▸ Problem requirements: Would you transcribe the records below from the line with "Poems in Italian, published, s.a." to the line with "Beautiful Christmas star", ends included, exactly and with nothing more, leaving the pictures out?

▸ Data for analysis:
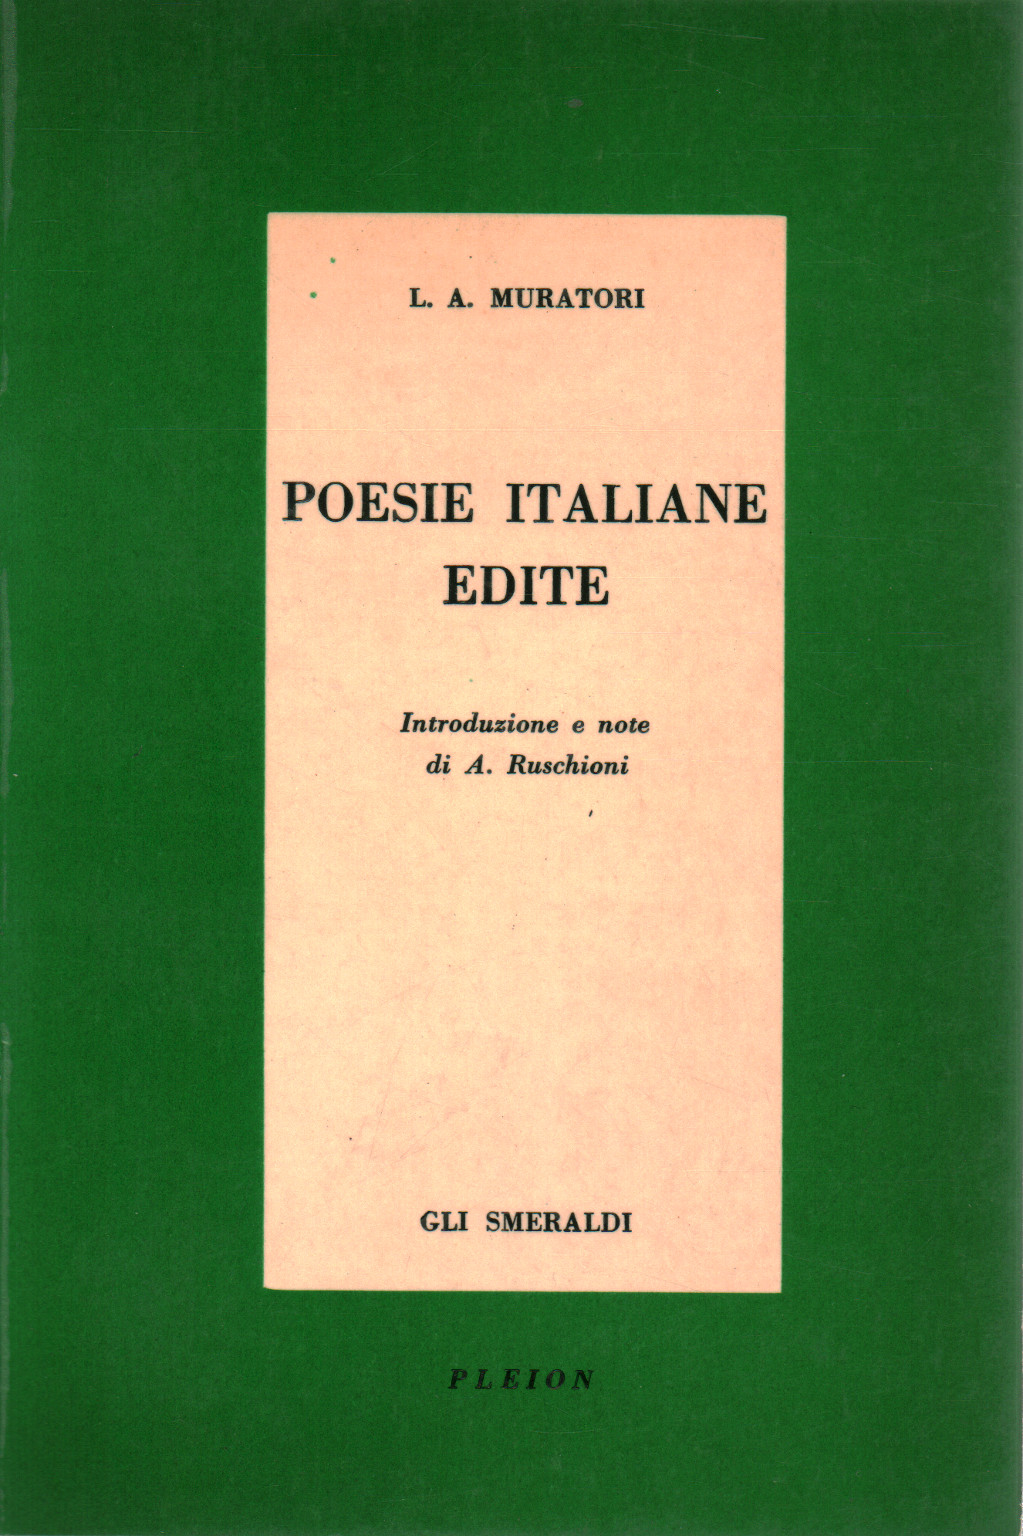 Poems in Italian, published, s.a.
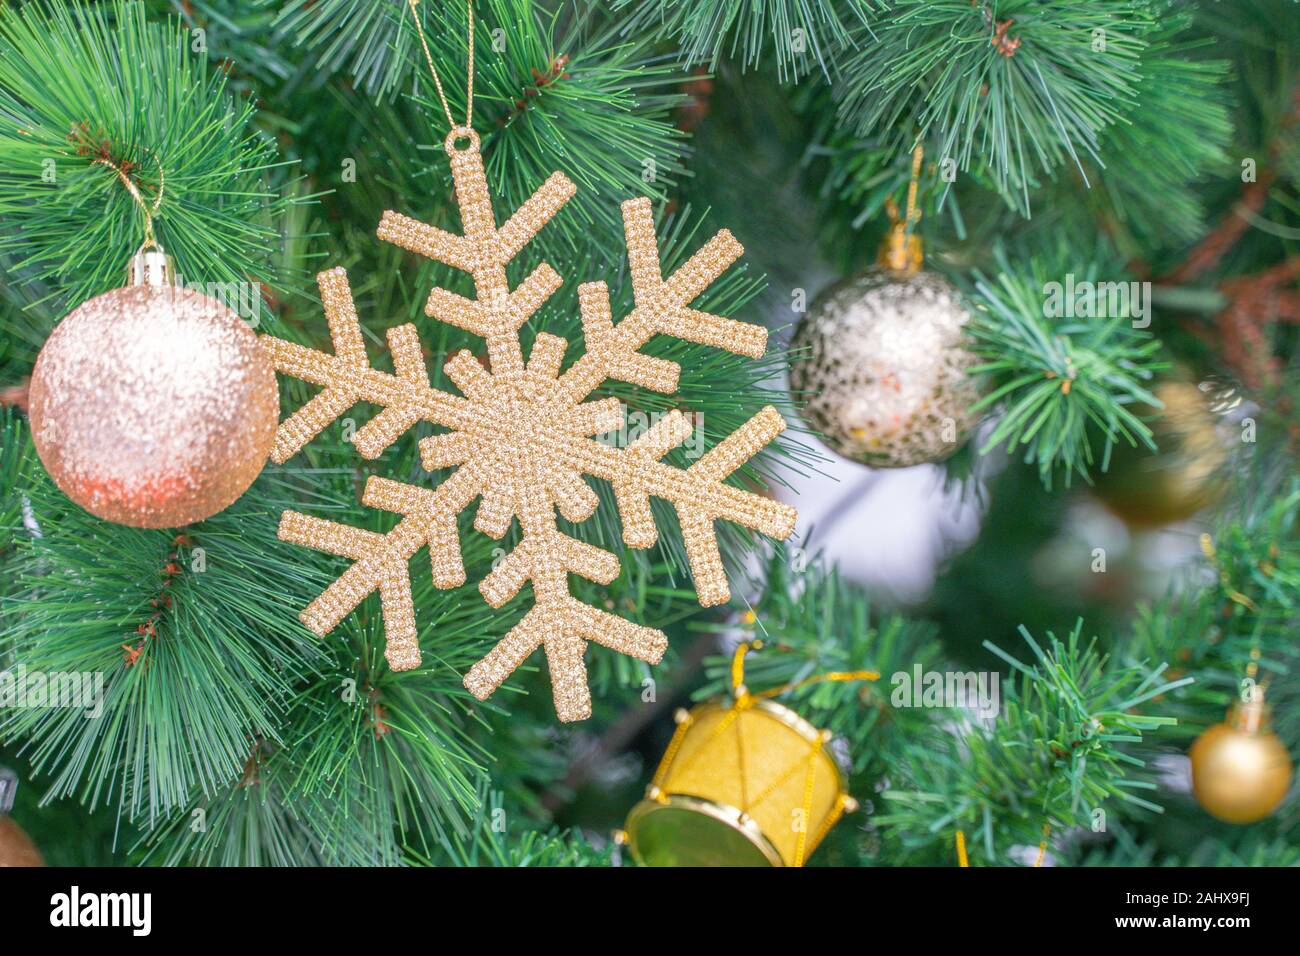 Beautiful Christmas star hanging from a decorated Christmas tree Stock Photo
* * *
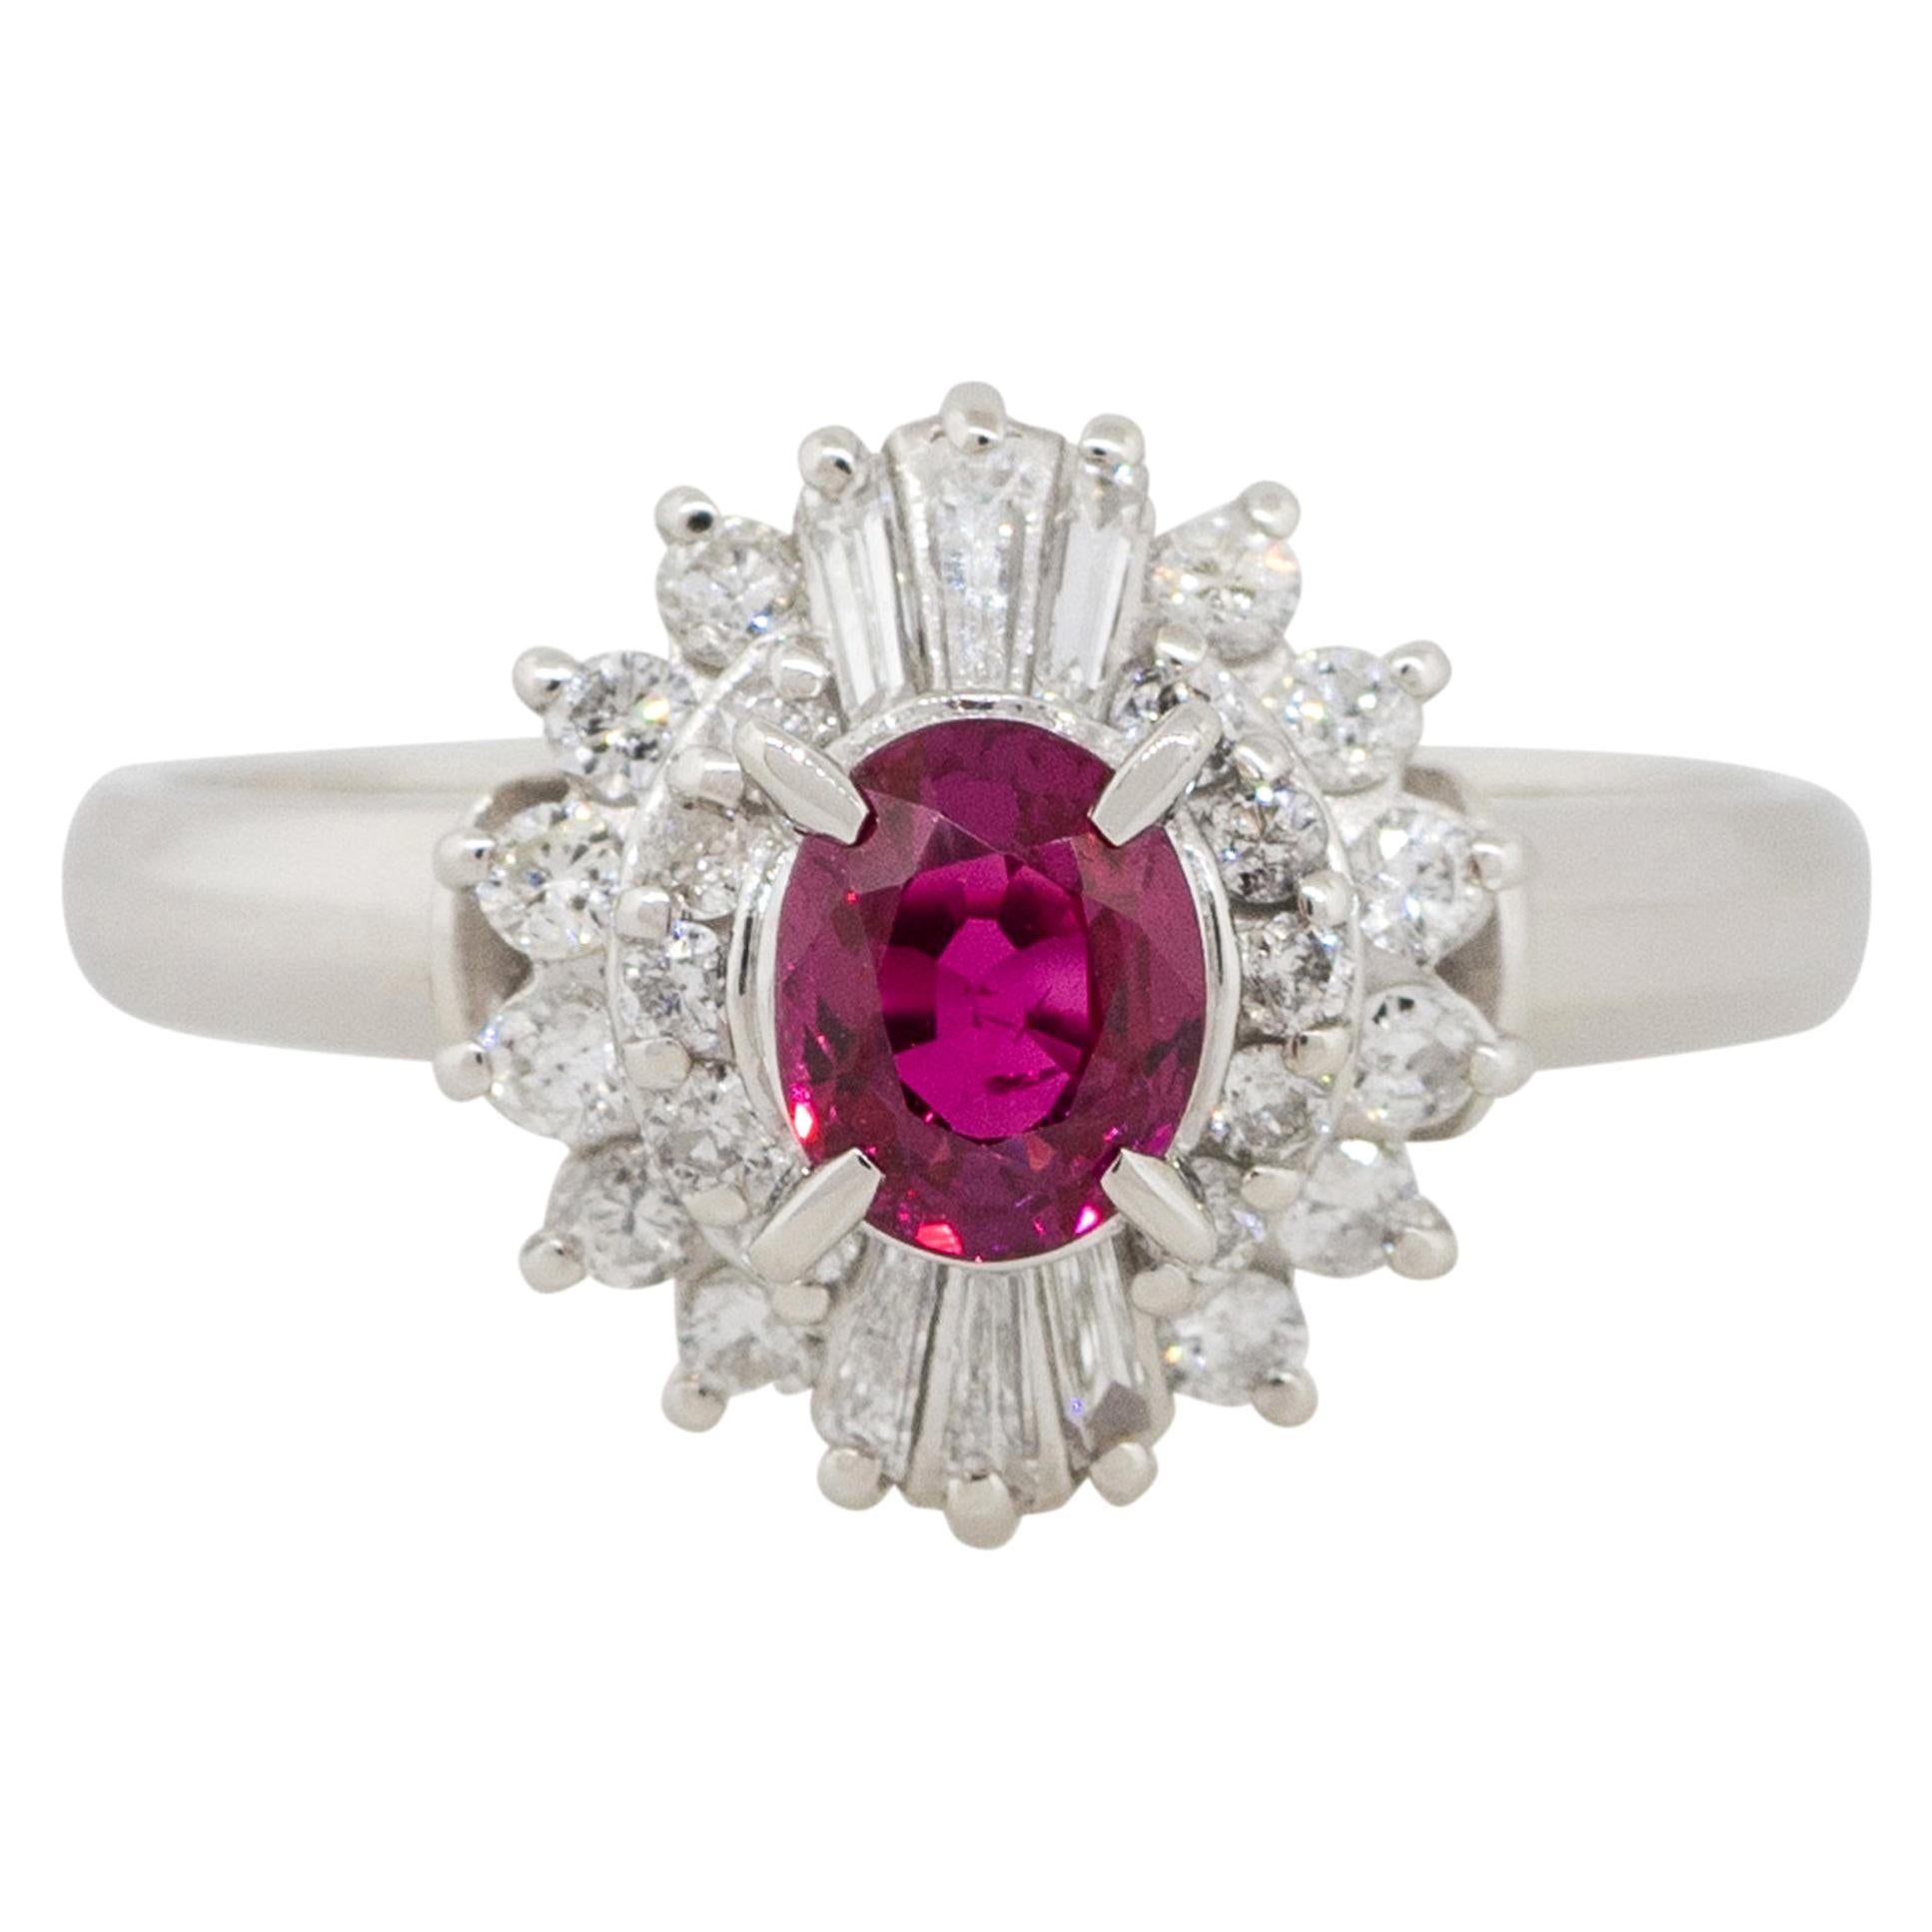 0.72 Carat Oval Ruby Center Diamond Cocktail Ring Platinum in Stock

▸ Your solution:
 Poems in Italian, published, s.a.
 Beautiful Christmas star hanging from a decorated Christmas tree Stock Photo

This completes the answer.